What drives the Barton group to invest such effort in studying these plants? What deeper insights into evolution does the color of a snapdragon reveal?

Hybrid zones – nature’s laboratory

Pal is interested in how speciation happens—how different varieties emerge from a common ancestor and separate over time. In the valley of Planoles, two varieties of Antirrhinum—distinguished by their vibrant yellow (A. majus striatum) and magenta flowers (A. majus pseudomajus)—come together and hybridize naturally. During the last ice age, the two Antirrhinum varieties were geographically isolated in different parts of the Pyrenees. As the ice melted, they likely gradually spread along the valley from opposite directions, forming a so-called ‘hybrid zone.’

“Hybrid zones are essentially ‘natural laboratories’ where you can study the process of speciation and evolution in nature, letting nature conduct the experiments for us instead of crossing them in greenhouses,” says Pal. The magenta and yellow snapdragons form a narrow strip, roughly 1 km in length, where they hybridize to produce a kaleidoscope of colors.

The genetic encyclopedia

Planoles is not the only hybrid zone in the Pyrenees. A very similar one also exists 100 km to the west, near the town of Avellanet. The Barton group collected samples there, too. In his latest study, Pal compared both hybrid zones to understand how evolution has shaped them. Back at ISTA, Pal analyzed the two sets of samples to see whether their genomes look the same.

“You can think of the genome as an ‘encyclopedia of words.’ Within this encyclopedia, there are billions of letters which make up thousands of words—our genes. Yet, only a few key ‘words’ are important to keep species or varieties separated,” says Pal.

“The same bee species pollinates both the yellow and the magenta species. Bees learn where to go to find nectar. On the magenta side, they visit magenta flowers, while on the yellow side, they frequent yellow ones,” Pal says. Hybrids do not attract as many bees due to their lack of distinct color contrast required for bees to learn, resulting in reduced fitness and fewer offspring.

For snapdragons, the key trait is the flower color, which attracts pollinators and is essential for survival and passing genes onto the next generation. Despite sharing most genetic ‘words,’ only a few critical genes—seven to be specific—determine flower color and remain unique to each species. These genes, with names as alluring as those of Pokémon, include Rosea, Eluta, Rubia, Sulfurea, Flavia, Aurina, and Cremosa.

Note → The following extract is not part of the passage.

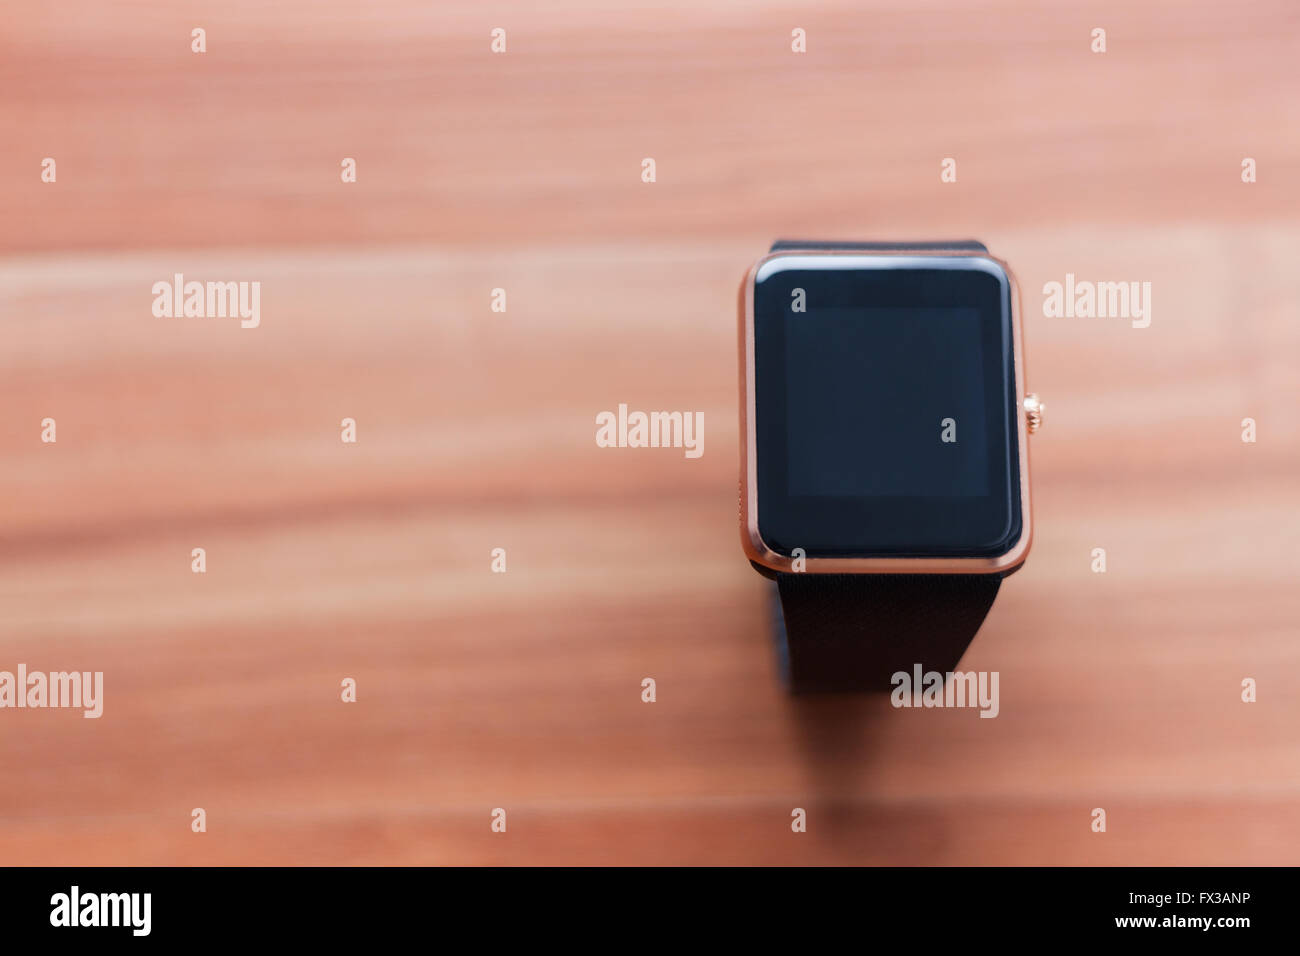 Smart wrist watch laying on the wooden background. Elegant new technology that lets you always stay connected Stock Photo

Color genes eclipse proximity

To tackle this data set, Pal made use of whole-genomic sequencing—a tool commonly used to map the DNA of humans and other animals. In this case, he and his team employed a novel sequencing technique that had previously been untested for Antirrhinum. Unlike well-studied organisms such as mice or Arabidopsis thaliana plants, where more genomic data exists, this large-scale sequencing of snapdragon genomes involved a process that resembled piecing together a vast puzzle.

“When we compared the Planoles and Avallenet hybrid zones, we found their genomes were quite different—they all had different mixtures of ‘words.’ But the seven genes that control the flower color were the same in both zones,” explains Pal. Those genes, act like keywords that stay consistent.

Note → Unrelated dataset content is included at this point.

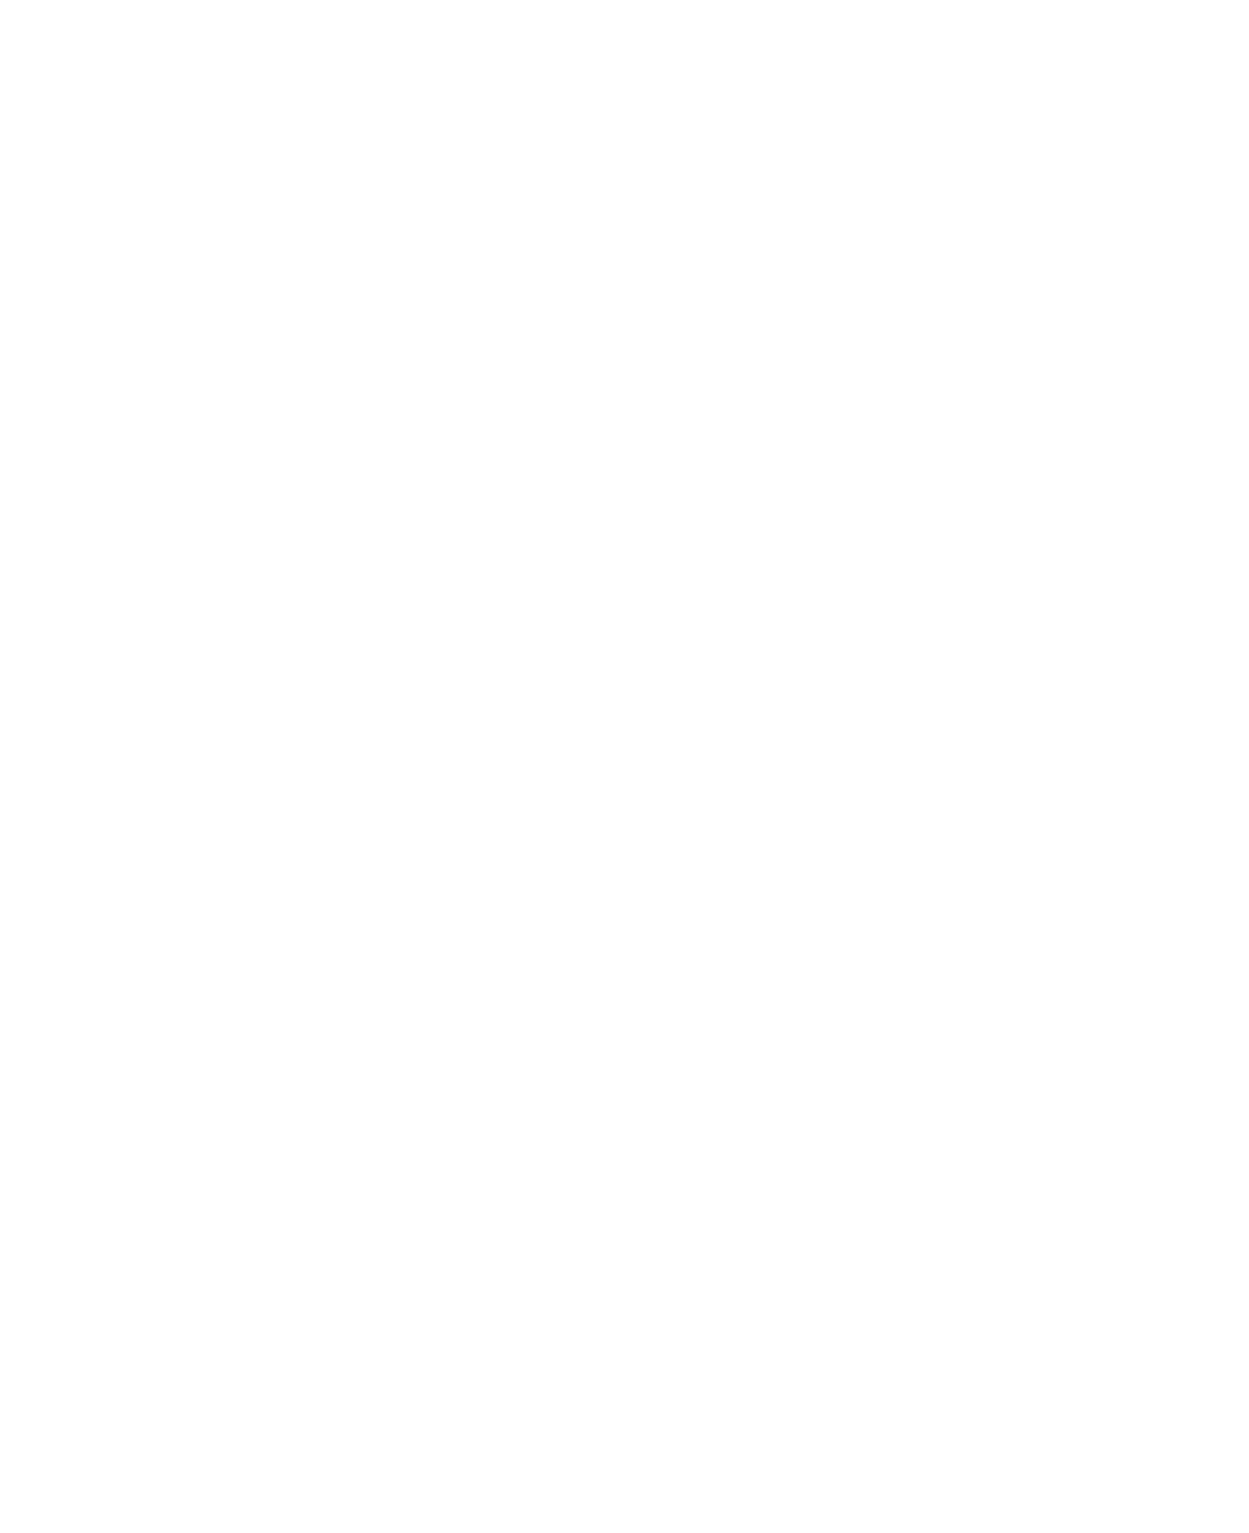 Rigetti Computing logo for dark backgrounds (transparent PNG)

In hybrid zones, one would expect nearby plants to be closely related to each other. But when the researchers traced the plants’ genetic ancestry, they discovered that the flower color genes did not follow that pattern. The seven genes in the yellow snapdragons from the Planoles zone were more closely related to those in the yellow plants in the Avellanet zone. The same was true for magenta plants too.   

Pal’s new study reveals that, although there is a lot of genetic variation between the zones, the genes responsible for flower color have a shared evolutionary history. This finding is important—it suggests these color genes help snapdragons remain distinct and recognizable, even when they grow in the same environment, and share other genes across their extensive genome.